I think that's why so many animators shun perspective. They would rather their backgrounds appear creative than technically precise.
Yes, application of linear perspective can make really boring pictures, when taken to extremes. There are lots of Renaissance paintings (when linear perspective really became popular) which are a technical tour de force but are completely uninteresting to look at.

No painting or drawing should ever be about perspective. Few things are as boring as giving the "nuts and bolts" aspect center stage.

But herein lies the rub : if perspective is way off then it will get center stage. Even people who don't have a trained eye will feel that there's something odd going on. It will draw attention away from what is really important : action, emotion, etc. And all because a technical thing wasn't done right.

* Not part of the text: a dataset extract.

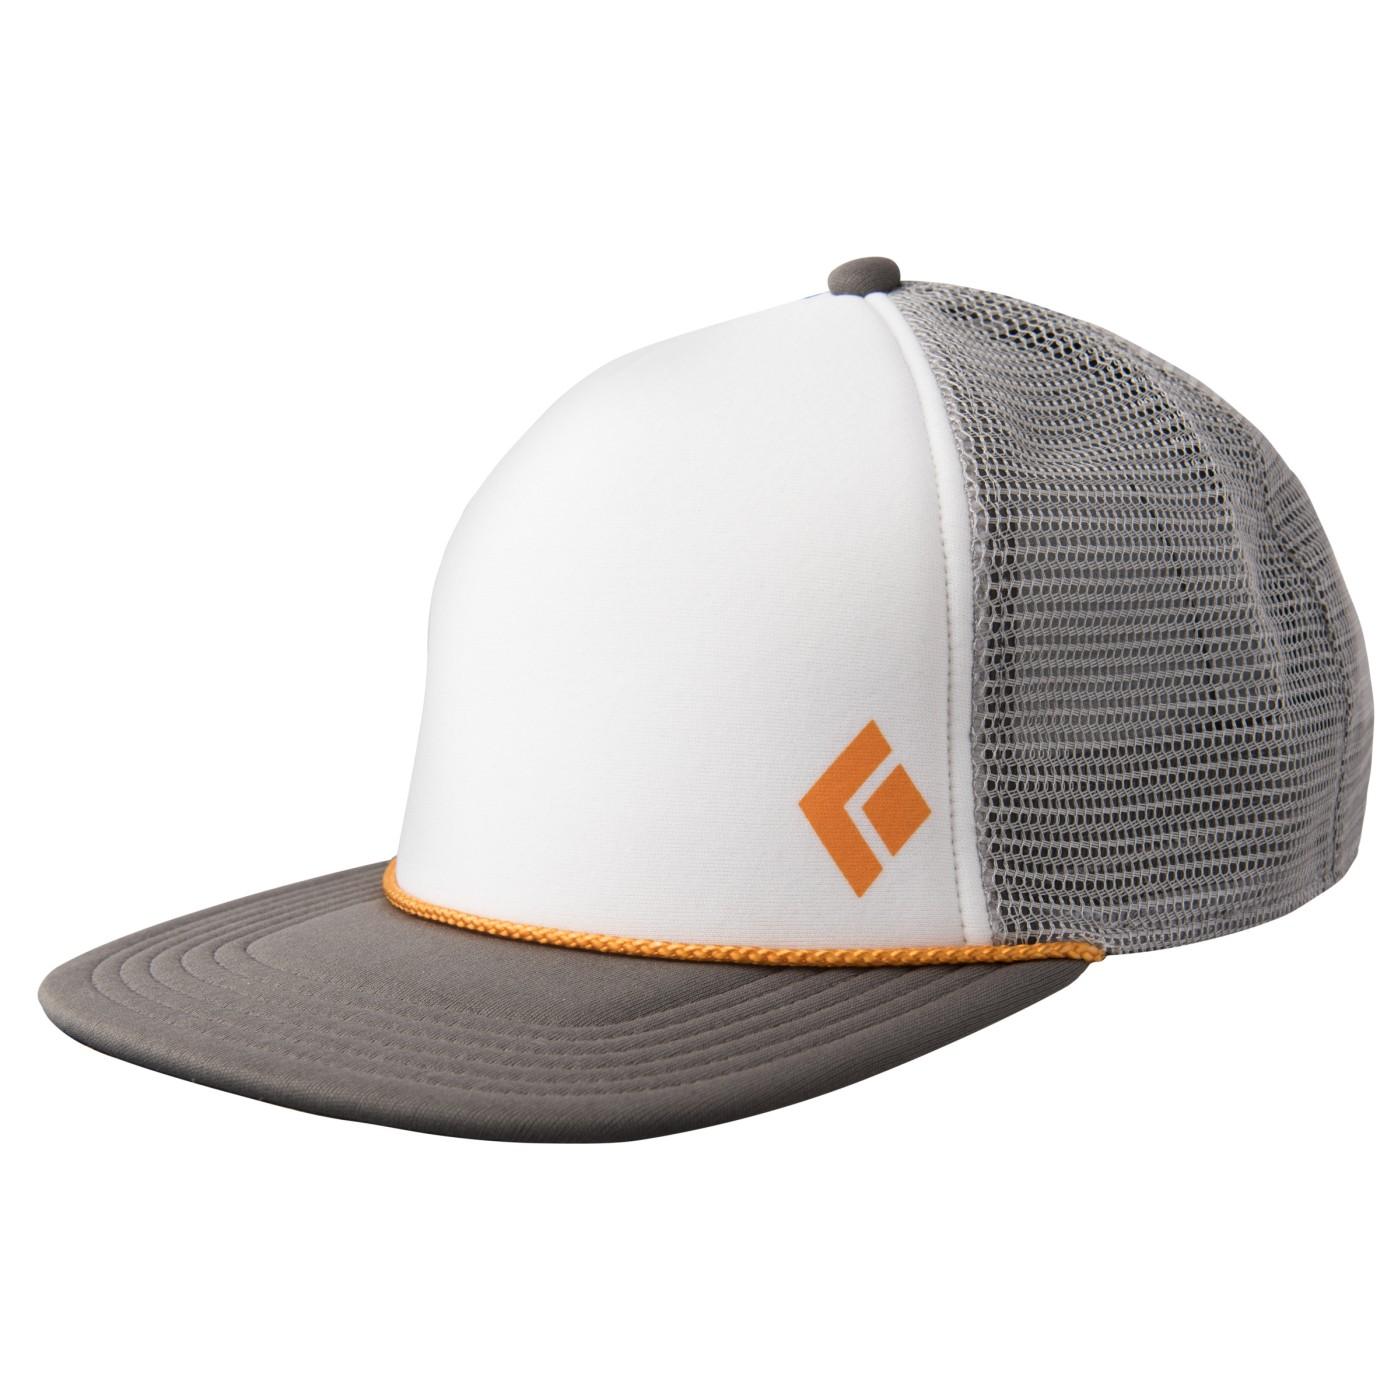 e2c5ad0f4eb18 Black Diamond Flat Bill Trucker Hat Granite-White - us
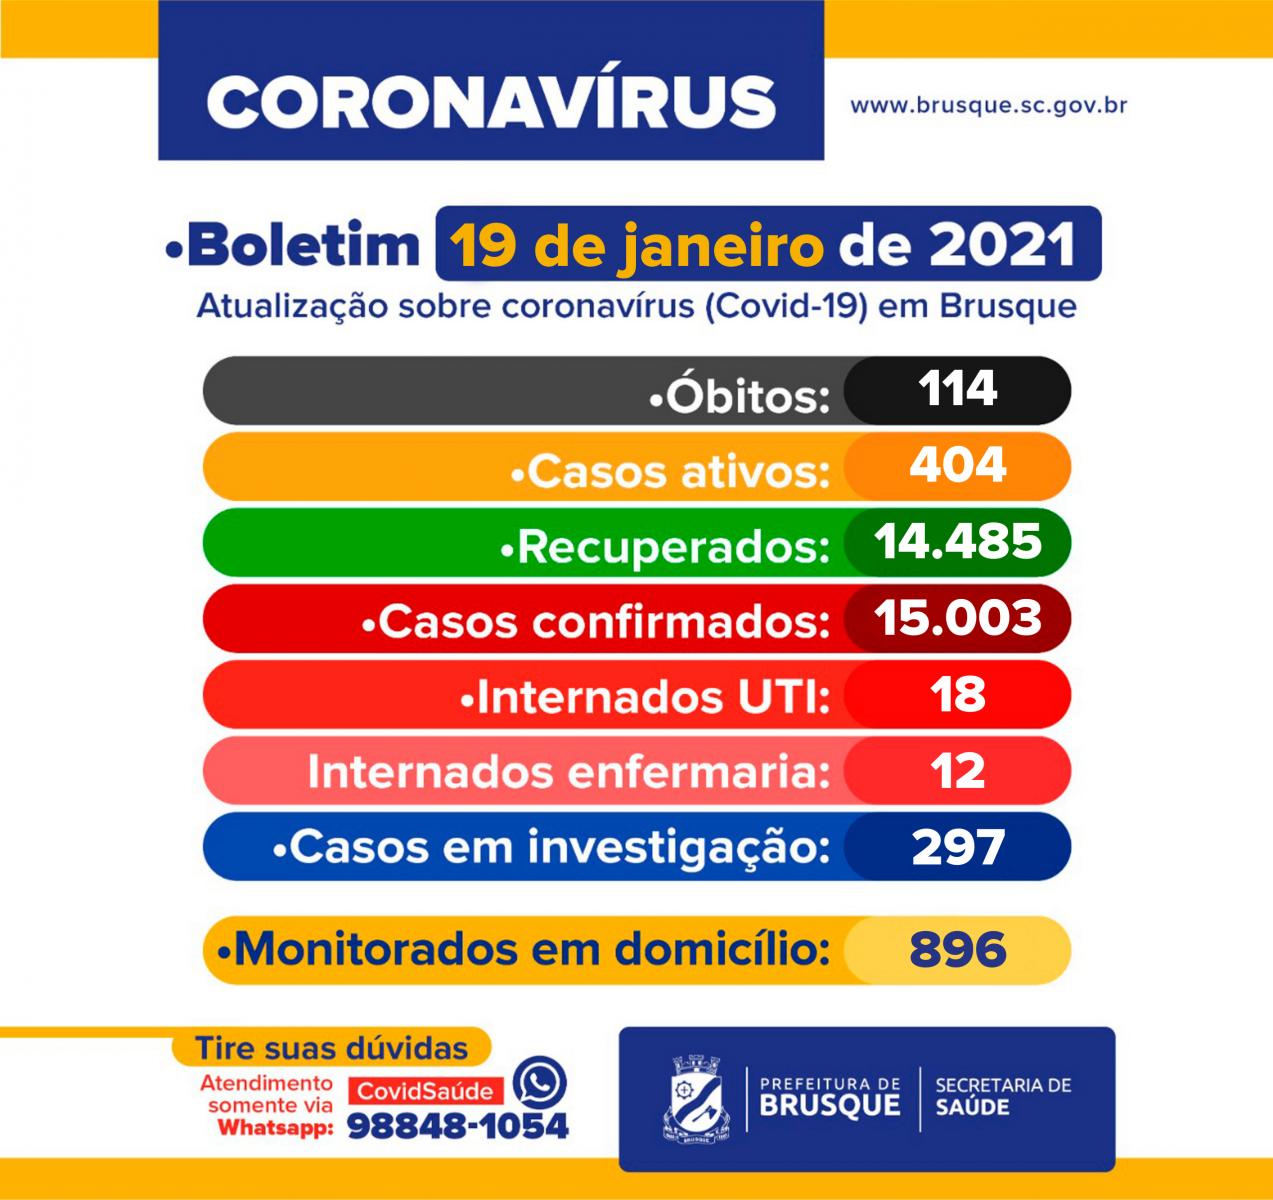 Covid-19: Confira o boletim epidemiológico desta terça-feira (19)

It's like lighting in movies. A movie should never be about lights. But if the lighting isn't done well then everything will be too dark, or too light, or there won't be a good seperation between characters and background, or attention will be drawn to the wrong places, etc. When lighting is done right then it will not only produce a clear picture, it will also support the aesthetics.

It's the same with perspective. Perspective can make something more dramatic, more threatening, or more mundane. How can you draw a towering dragon if you can't draw a dragon from below, looking up? It's perspective that can sell things like size.

And why shun away from something like perspective? Of all the things, it's the easiest. It can be learned from a book, done with a ruler and can even be calculated if one wants to. It doesn't take hundreds of drawings to master. It's easy.

Yes, perspective is boring. And there should always be a trade off between expression and technical precision. But one cannot make that trade off when one doesn't have mastery of the technical side.